### Work to complete
Copy the listing that follows exactly. Its pictures do not belong in the copy.

### Dataset excerpt
########
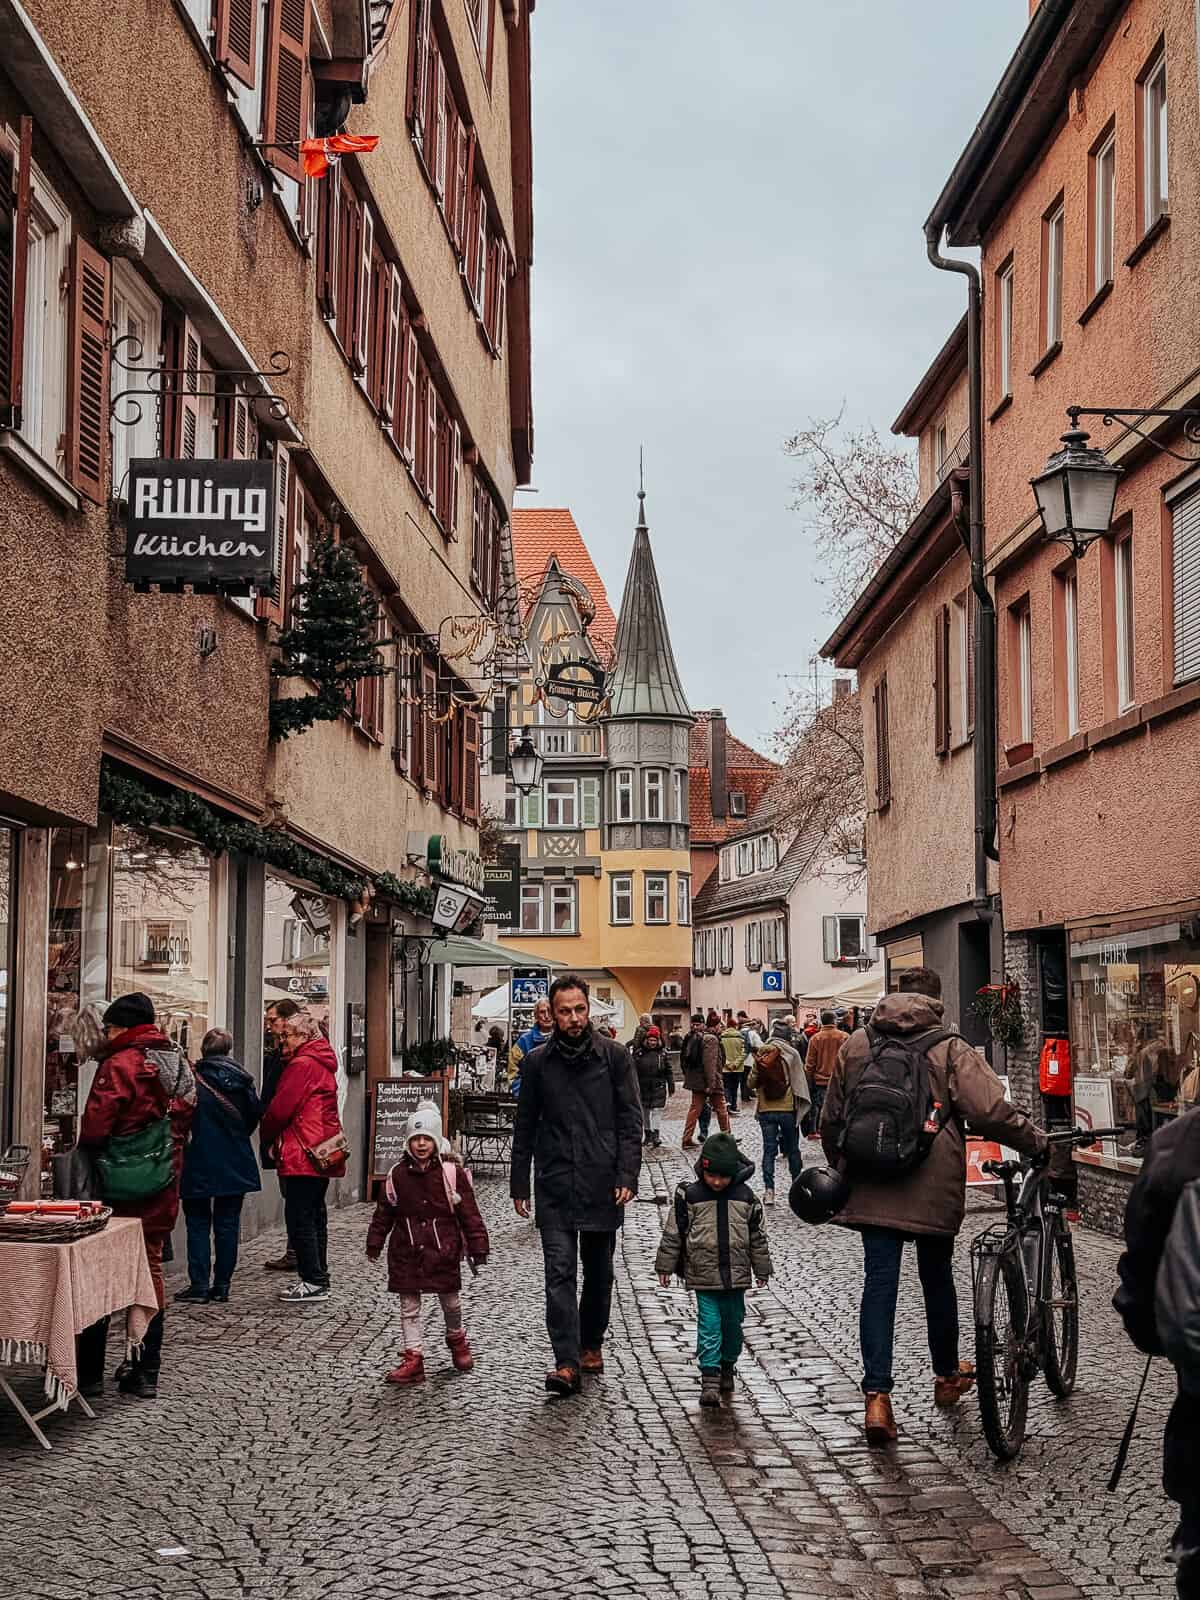 Residents and tourists walk through a cobblestone street in Tübingen, with colorful buildings, local shops like 'Rilling küchen', and festive street decorations visible
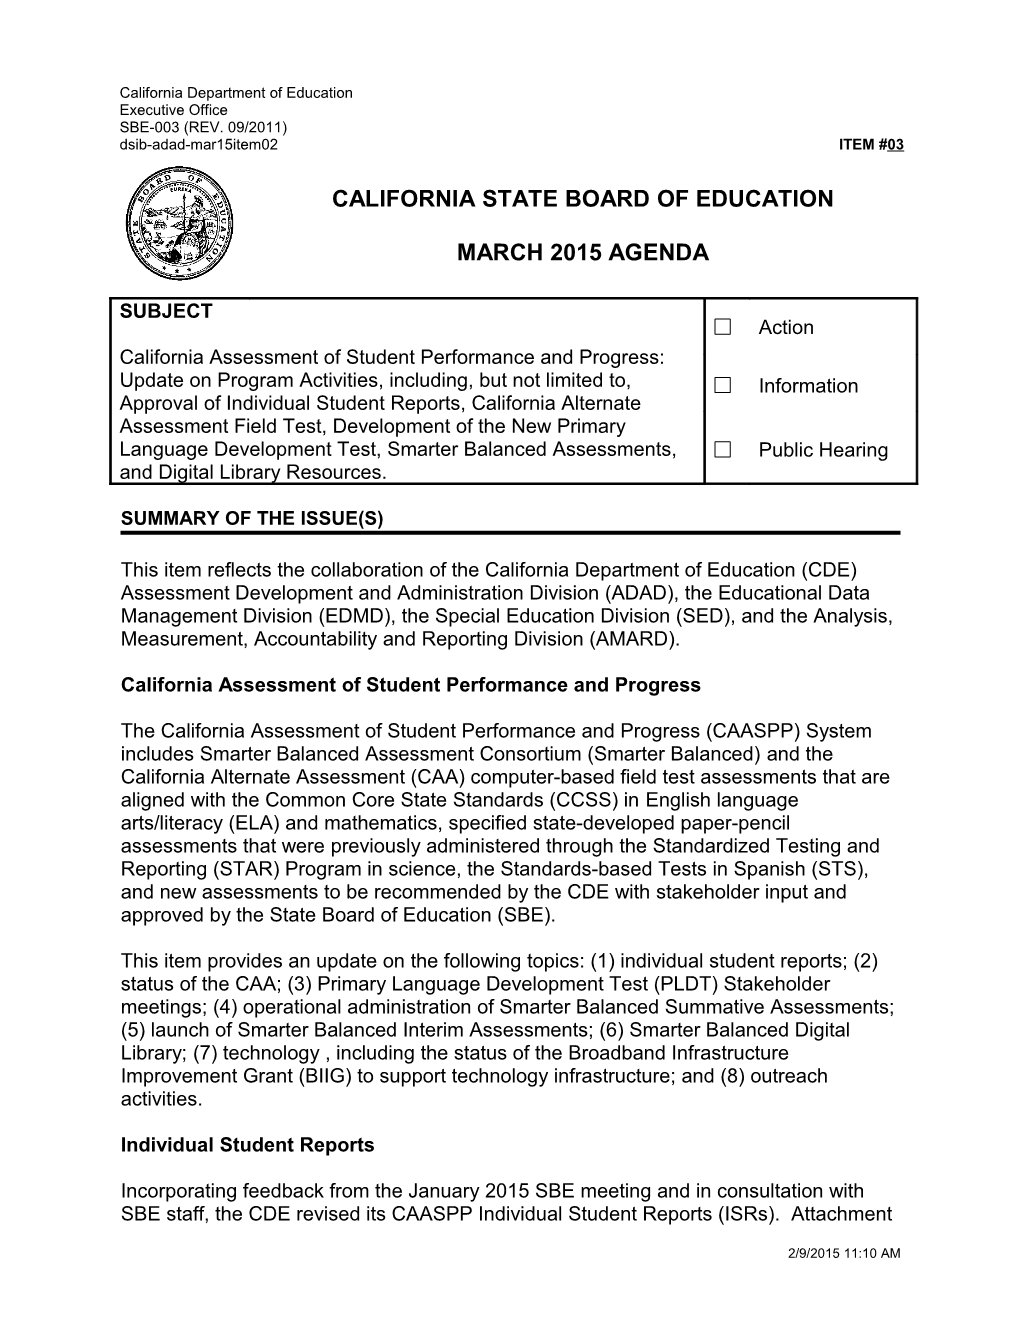 March 2015 Agenda Item 03 - Meeting Agendas (CA State Board of Education)
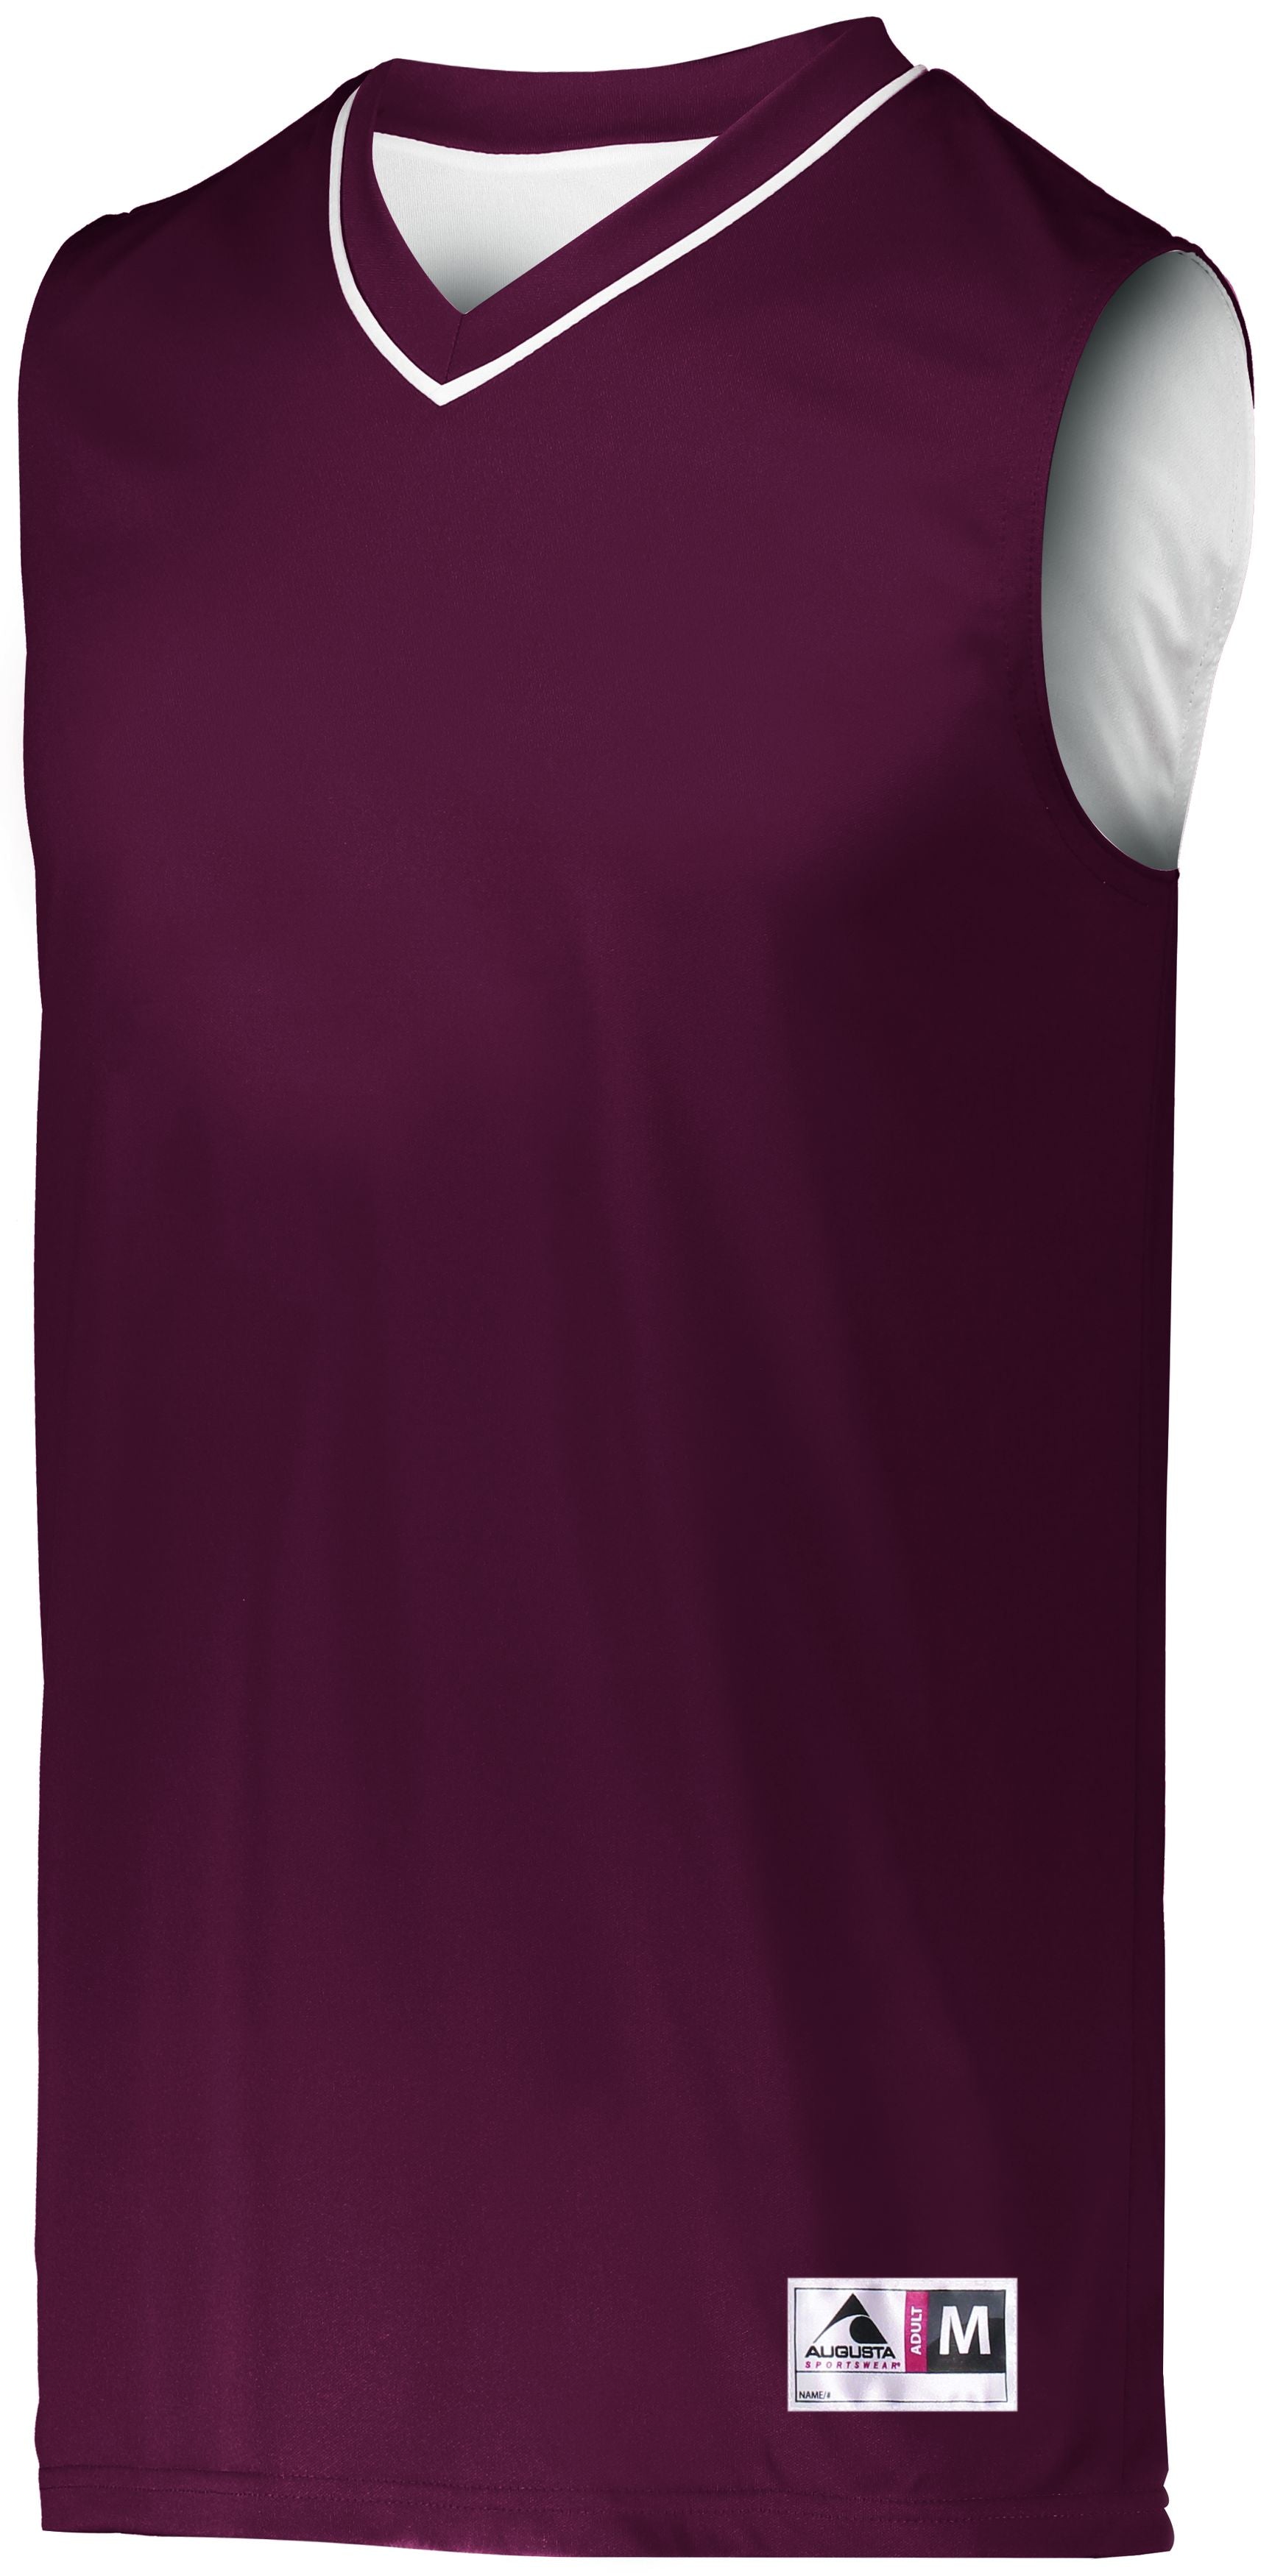 Augusta Sportswear Reversible Two-Color Jersey in Maroon/White  -Part of the Adult, Adult-Jersey, Augusta-Products, Basketball, Shirts, All-Sports, All-Sports-1 product lines at KanaleyCreations.com
########
### Your response
 Residents and tourists walk through a cobblestone street in Tübingen, with colorful buildings, local shops like 'Rilling küchen', and festive street decorations visible
 March 2015 Agenda Item 03 - Meeting Agendas (CA State Board of Education)
 Augusta Sportswear Reversible Two-Color Jersey in Maroon/White  -Part of the Adult, Adult-Jersey, Augusta-Products, Basketball, Shirts, All-Sports, All-Sports-1 product lines at KanaleyCreations.com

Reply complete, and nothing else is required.